655 Pennsylvania Avenue SE
Et in Arcadia Ego
July 15 – present
Two cows stand on a hill of beef in a mountainous landscape. Amongst them are a wealthy landowner and his wife.
The subject of this theatrical diorama is mortality, as is made esoterically clear by the words "Et in Arcadia Ego" emblazoned across the top of the window, above the diorama. The phrase stems from Virgil's Eclogues and is widely considered, though not without debate, to translate as "Even [or even] in paradise/utopia, I am." It is presumed to have been spoken by a figure of death.

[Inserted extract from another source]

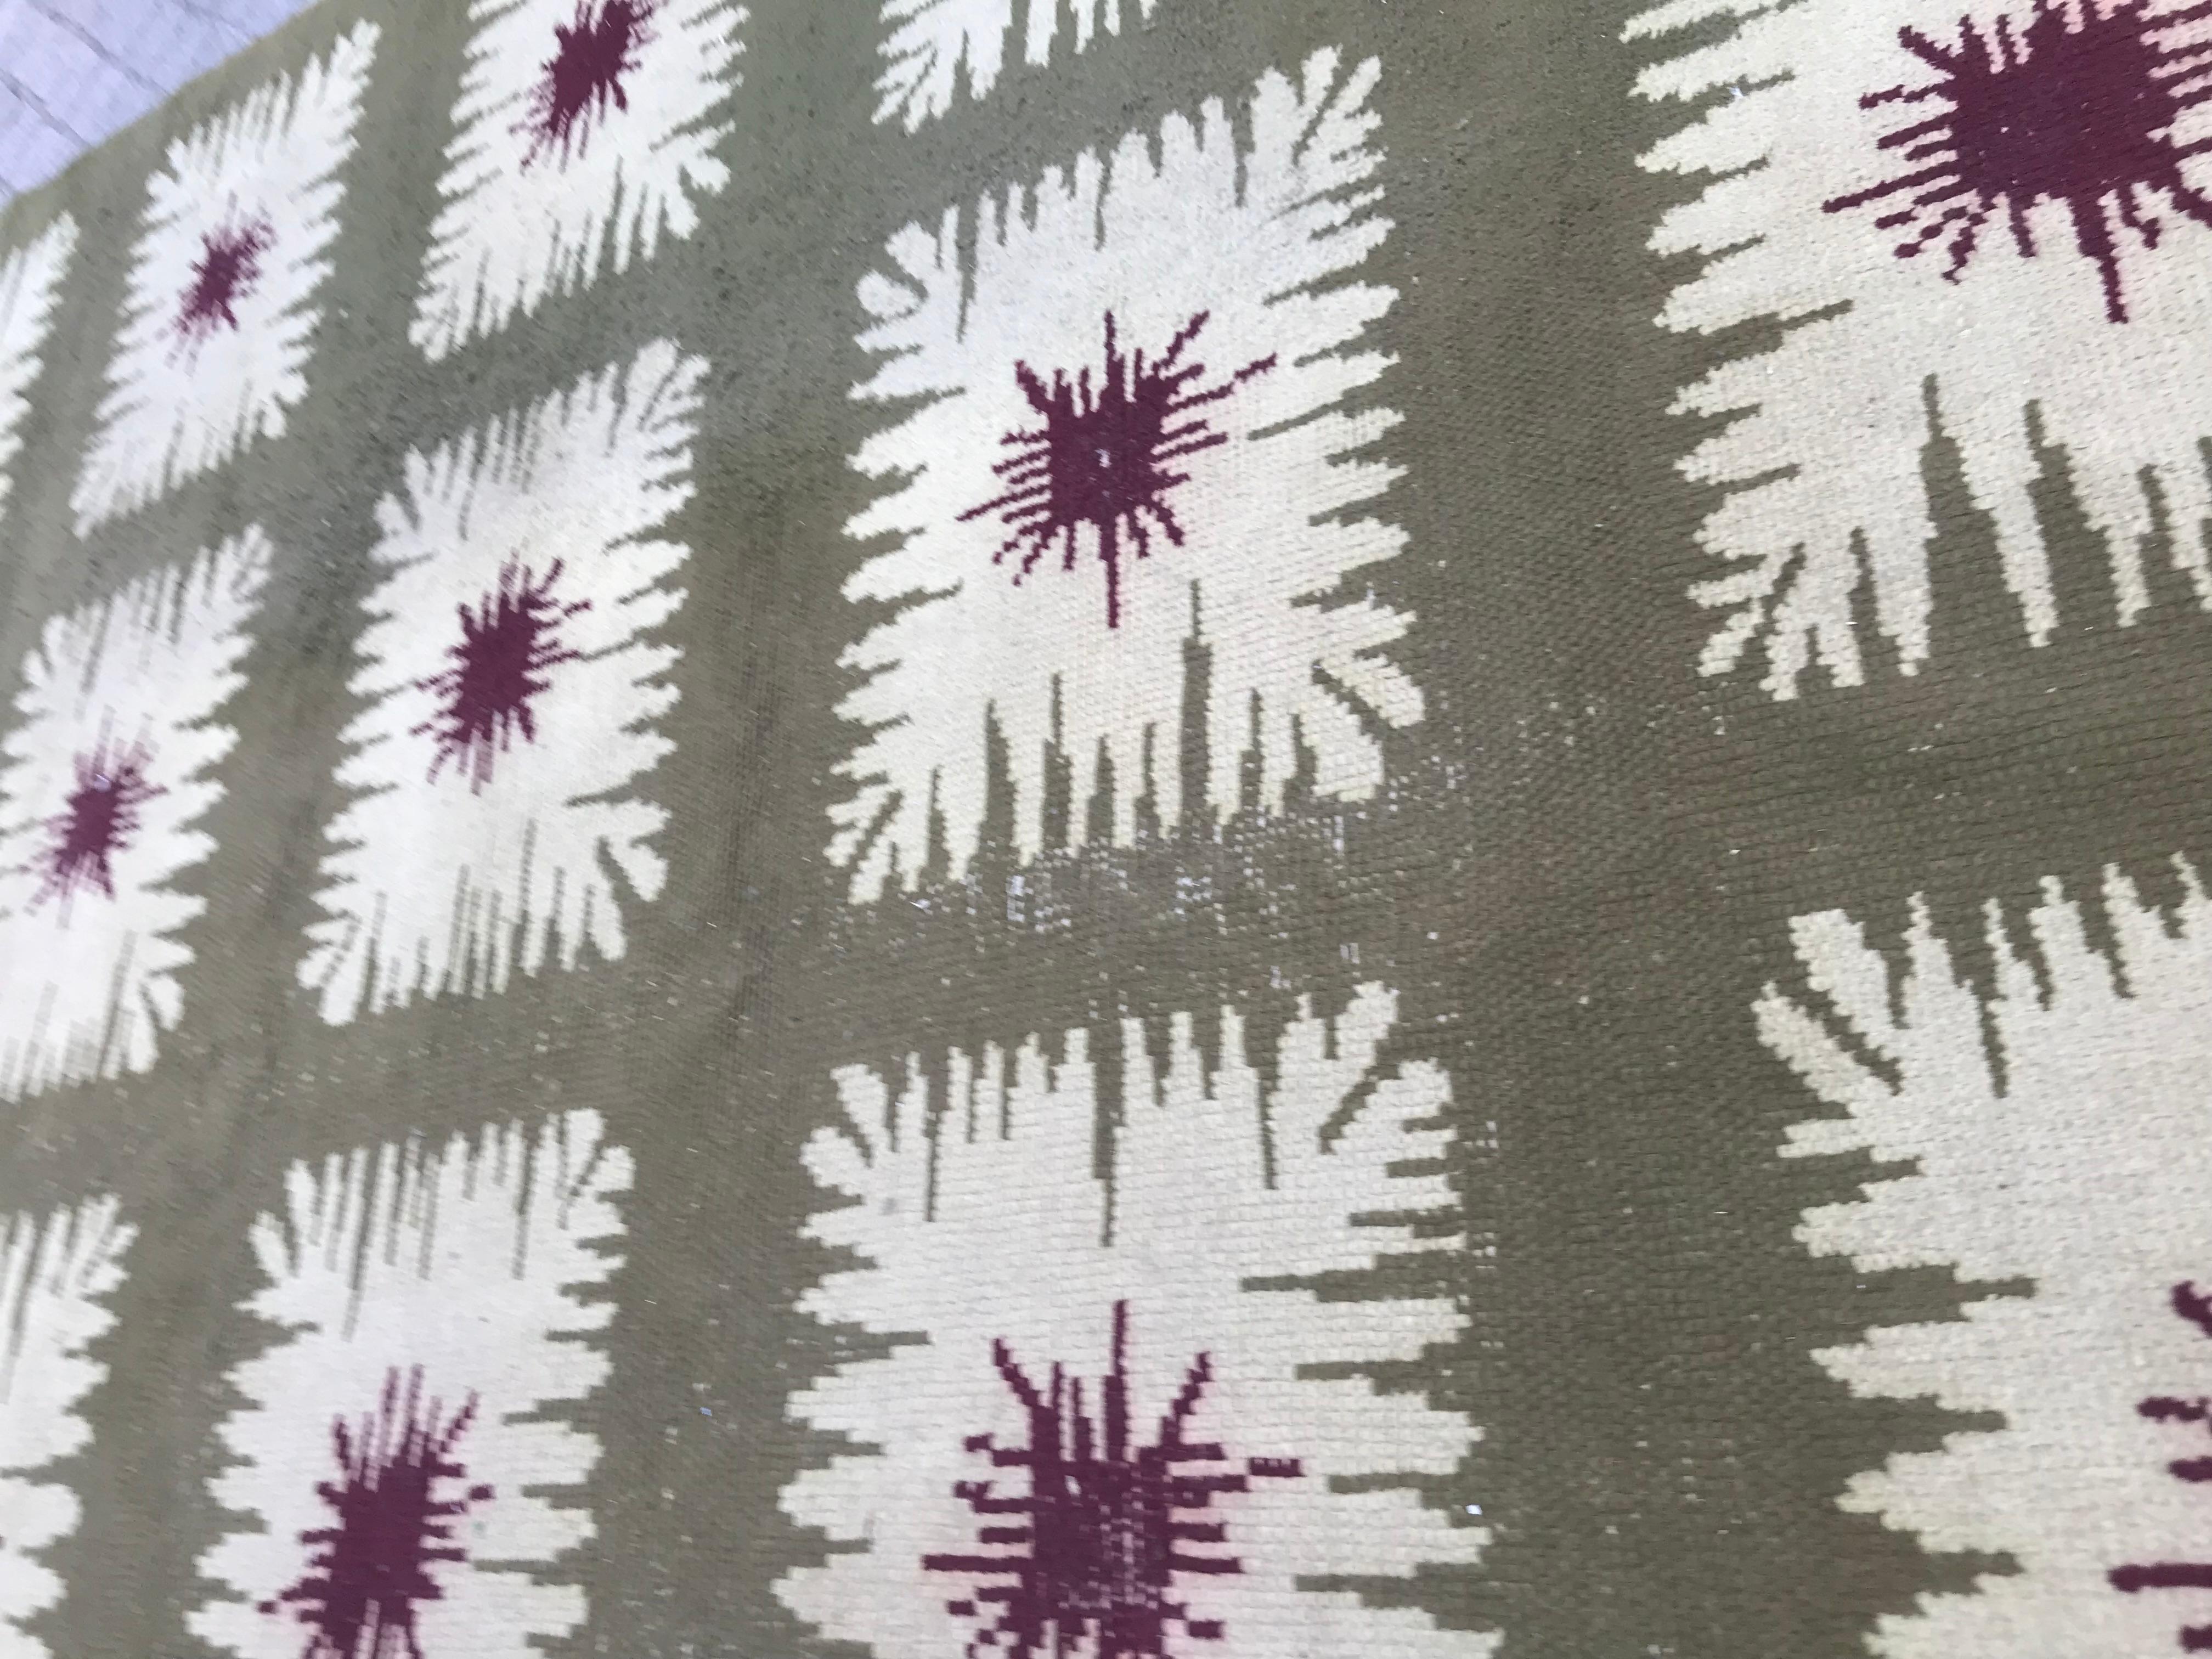 Superbe tapis Art Déco français datant d'environ 1940, méticuleusement noué à la main avec du velours de laine sur une base de coton. Il présente un design moderne captivant dans de magnifiques teintes vertes, violettes et beiges. Motifs carrés

The subject was popular during the Baroque period. Giovanni Francesco Barbieri (Guercino)'s "Et in Arcadia Ego," from 1618-22, depicts two shepherds contemplating a human skull that they have stumbled across on trail in an otherwise untrammeled landscape. Nicholas Poussin's version, from two decades later, depicts four figures, all likely shepherds, examining the words "Et in Arcadia Ego" on an ancient stone tomb, also in the wilderness.
This dioramic scene treats the subject through two related storylines. The first involves the cows grazing on a hill that is, in effect, a symbol of their denoument. The protagonists in the other storyline are the two aristocrats, who, like the cows but unlike the shephards in paintings, appear oblivious to or wholly unconcerned with their fates. (The cut-outs are from Thomas Gainsborough's "Mr. and Mrs. Andrews," painted circa 1750.) The inclusion of these figures shifts the narrative from a musing on the human condition (i.e., death lurks everywhere), to a social commentary with class connotations, particularly around issues of exploitation, materialism, and individual ownership. The aristocrats, who Gainsborough's portrait and in this diorama, are seen amongst their possessions. They are exhibiting their control over the natural order. Needless, the one aspect of nature they can't control is their own mortality.
A scribe, aka artist, documents the scene at the foot of the hill of beef.
The storefront window design is meant to appear from a distance like that of an old jewelry store.